The post concludes by reiterating the importance of investing time and effort in building a well-designed test suite, particularly when dealing with complex domains like computational geometry. Keeter emphasizes that a visually appealing and comprehensive test suite not only improves the development process but also enhances the overall quality and maintainability of the resulting software. He advocates for considering the aesthetics of the test suite as an integral part of software craftsmanship.
Summary of Comments ( 5 )
https://news.ycombinator.com/item?id=42781922
HN commenters largely praised the author's approach to test-driven development and the resulting elegance of the code. Several appreciated the focus on geometric intuition and visualization, finding the interactive, visual tests particularly compelling. Some pointed out the potential benefits of this approach for education, suggesting it could make learning geometry more engaging. A few questioned the scalability and maintainability of such a system for larger projects, while others noted the inherent limitations of relying solely on visual tests. One commenter suggested exploring formal verification methods like TLA+ to complement the visual approach. There was also a brief discussion on the choice of Python and its suitability for such computationally intensive tasks.
The Hacker News post "Guided by the beauty of our test suite" (linking to an article about generative design and testing) sparked a lively discussion with several compelling comments.
One user appreciated the author's approach of using generative testing to uncover edge cases, finding it superior to traditional methods like fuzzing, which they found often produced inputs that were "too random" to be genuinely helpful. They highlighted the elegance of generating tests based on the existing test suite, seeing it as a way to smartly explore the input space.
Another commenter focused on the practical aspects of generative testing, questioning the computational cost. They wondered how long it took to generate and run these tests, and whether the approach was scalable for larger projects. This prompted a response from the original author (Matt Keeter), who clarified that test generation is relatively fast (on the order of seconds), and the bulk of the time is spent running the simulations themselves, which would be necessary regardless of the testing method. He also noted that generating tests close to existing ones could be seen as a form of regression testing, ensuring that new code doesn't break existing functionality in subtle ways.

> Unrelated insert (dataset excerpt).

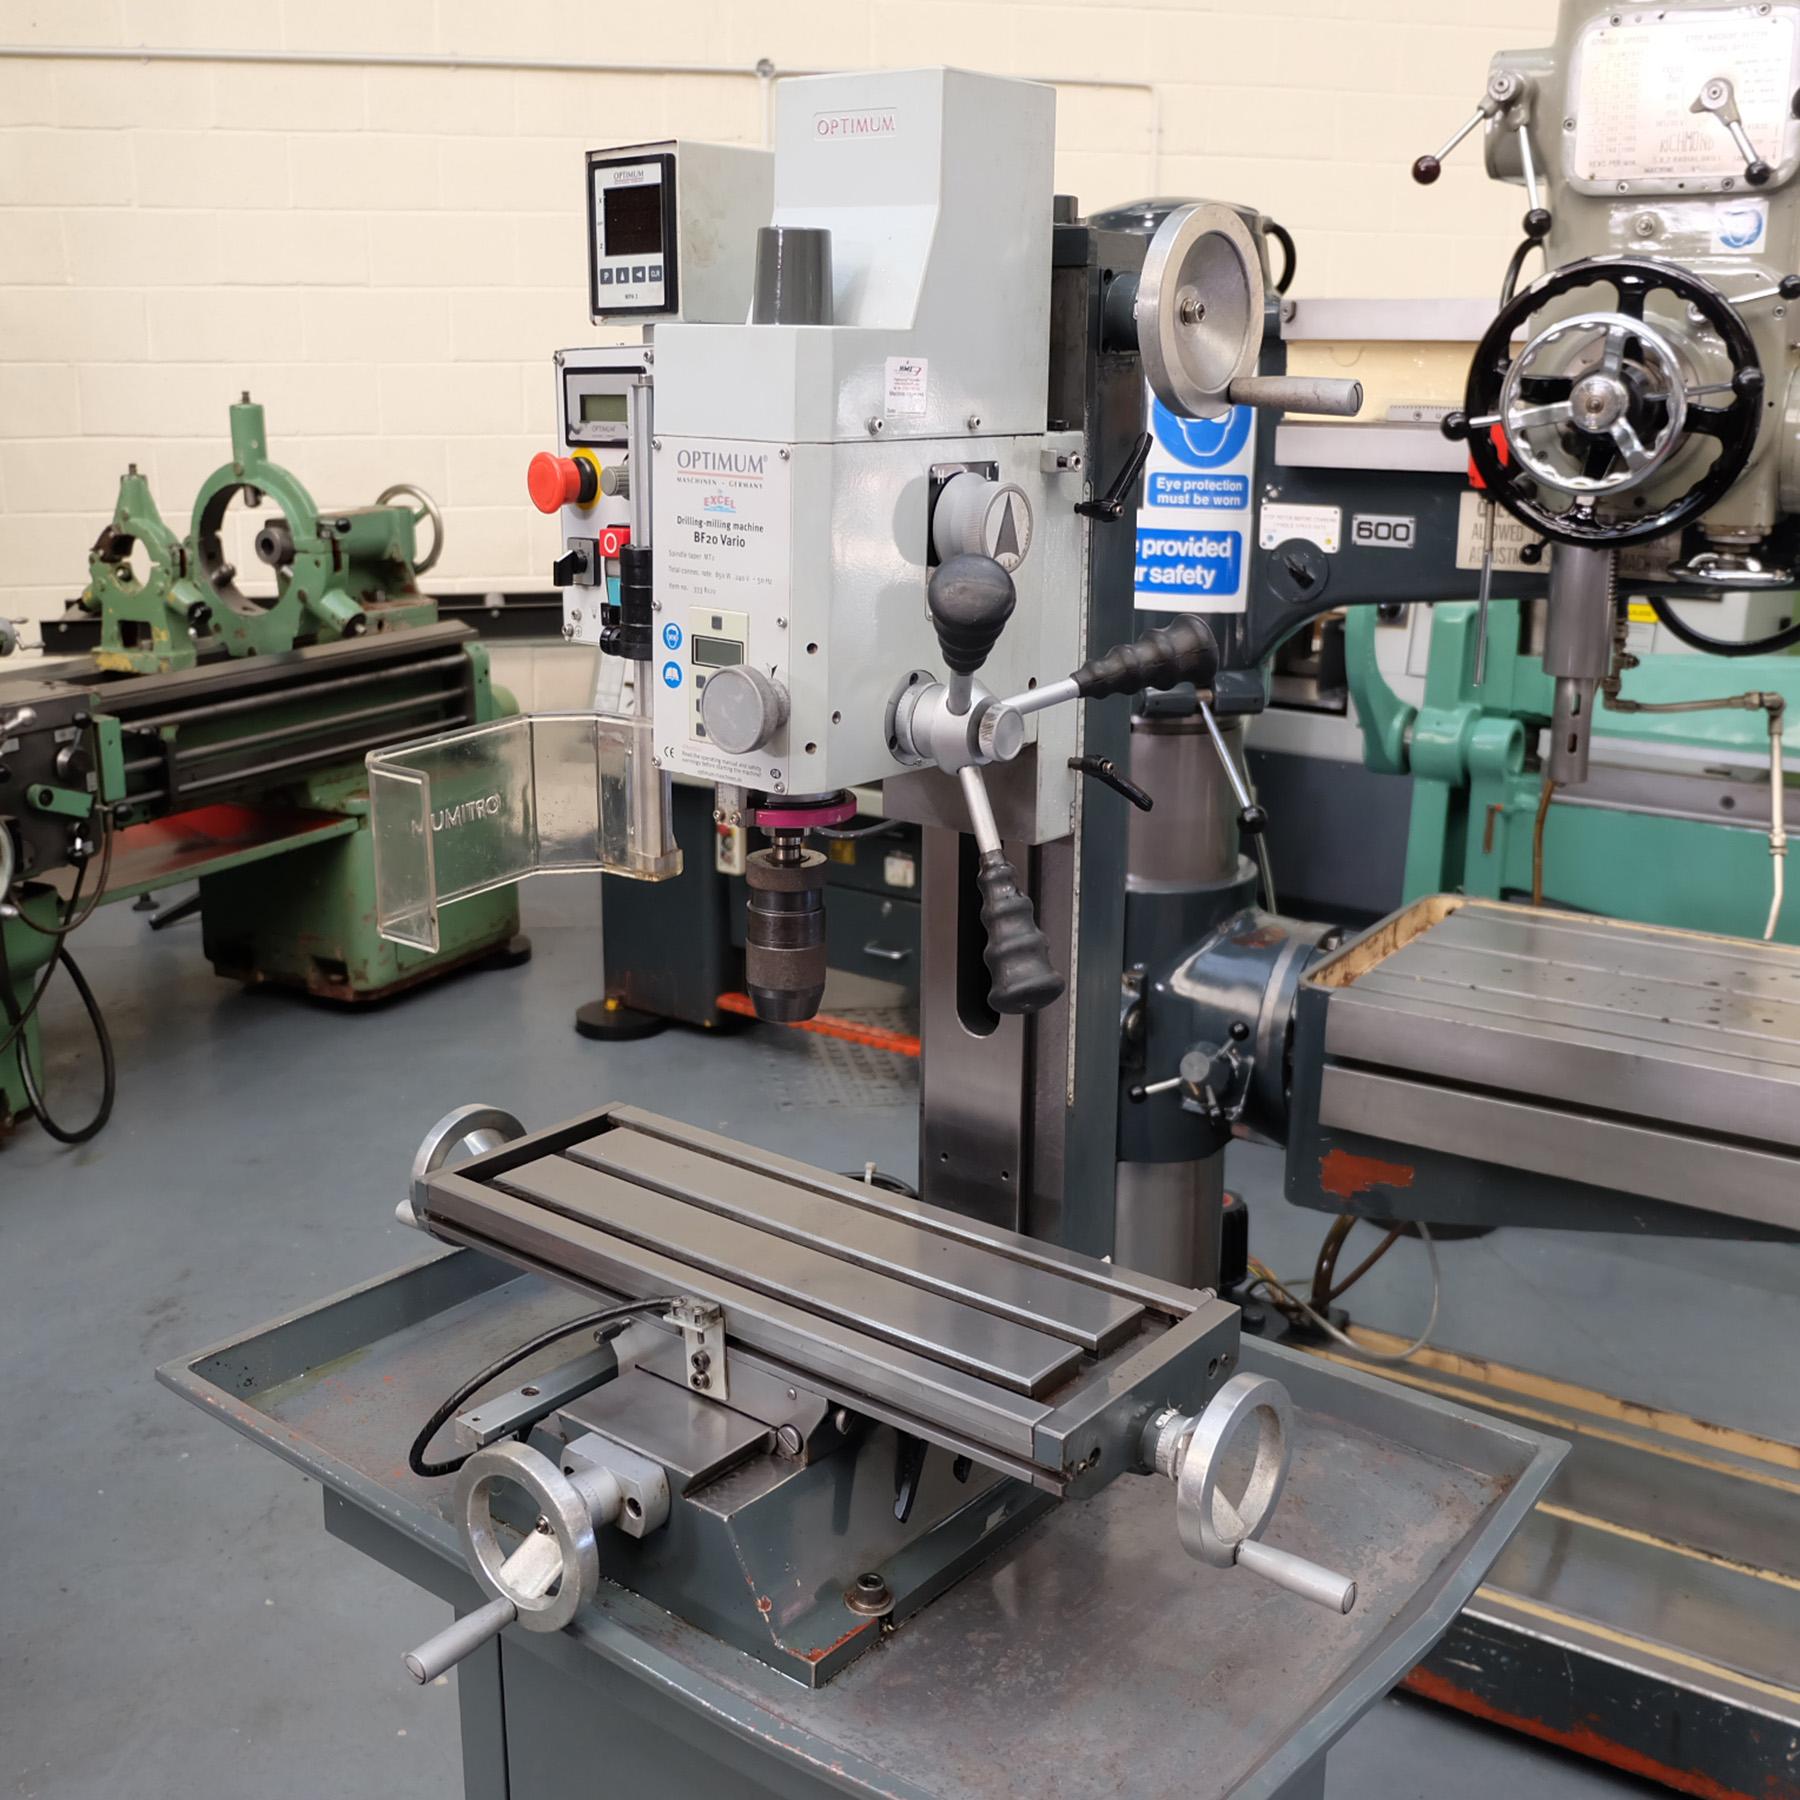 Optimum BF20 Vario Drilling/Milling Machine. - Image 2 of 11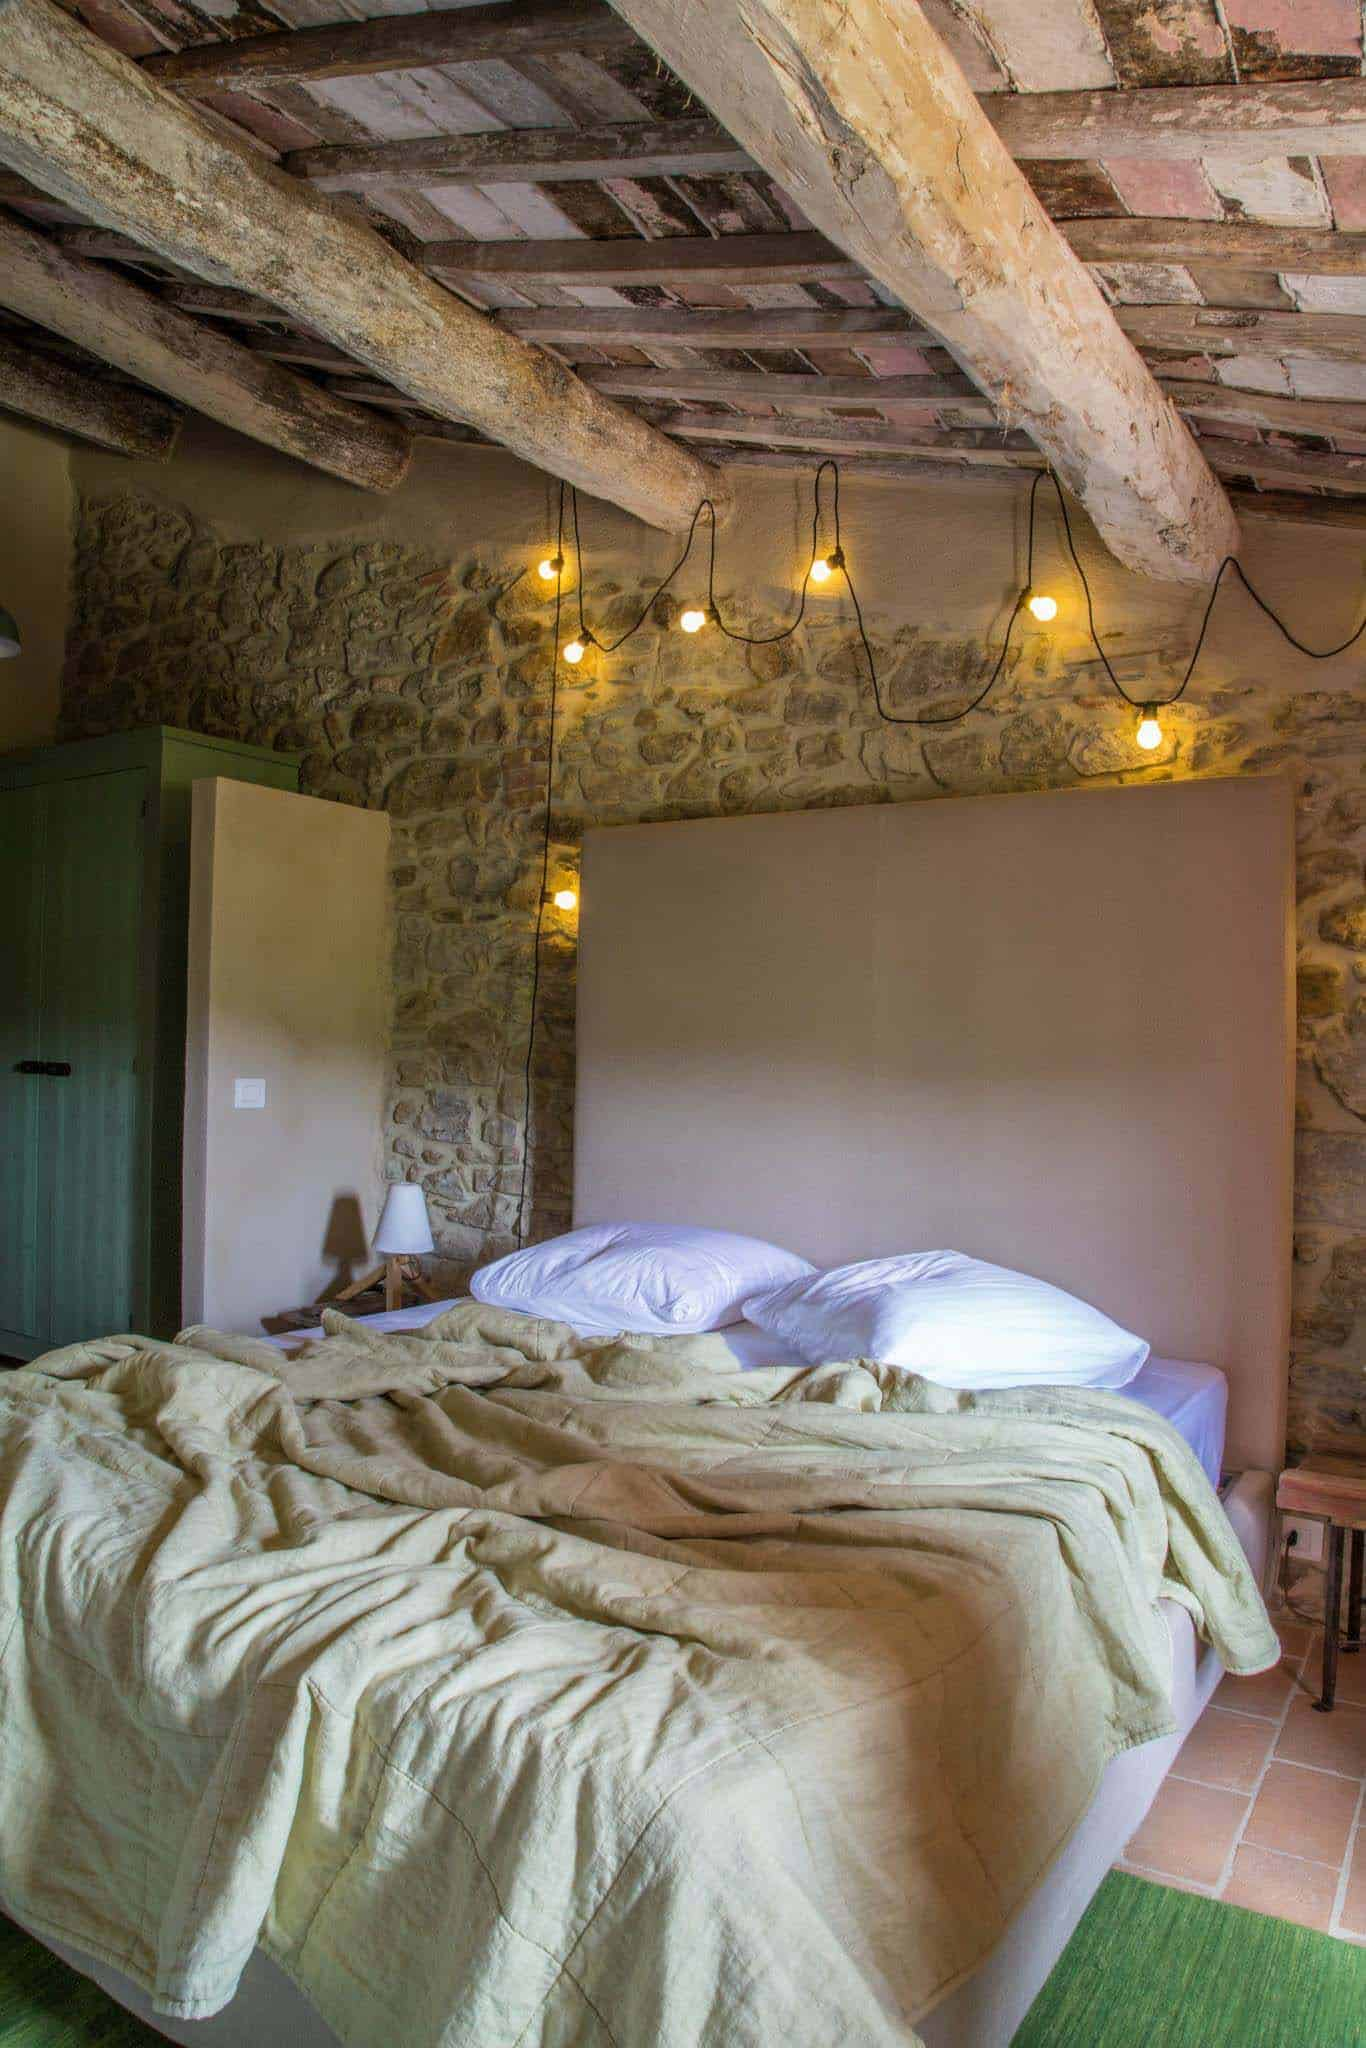 Historic Farmhouse Renovation-Special Umbria-22-1 Kindesign

Another thread discussed the philosophical implications of using aesthetics in engineering. One commenter pondered the connection between beauty and functionality, wondering if a well-designed system is inherently aesthetically pleasing. Another user pushed back, arguing that aesthetics are subjective and can even be misleading. They cautioned against prioritizing beauty over functionality, especially in engineering contexts.
A few commenters shared their own experiences with generative testing and property-based testing, offering alternative approaches and tools. One mentioned using Hypothesis, a popular Python library for property-based testing, while another suggested exploring metamorphic testing, a technique that focuses on relationships between inputs and outputs rather than specific values.
Finally, one user expressed skepticism about the overall premise of the article, arguing that focusing solely on the beauty of the test suite could lead to neglecting the importance of the design itself. They emphasized the need for a holistic approach to design and testing, where both aspects are carefully considered and balanced. This sparked a brief discussion about the role of testing in the design process.
Overall, the comments on the Hacker News post provided a valuable extension of the original article, exploring the practical implications, philosophical underpinnings, and potential pitfalls of generative testing and its relationship to aesthetic design principles.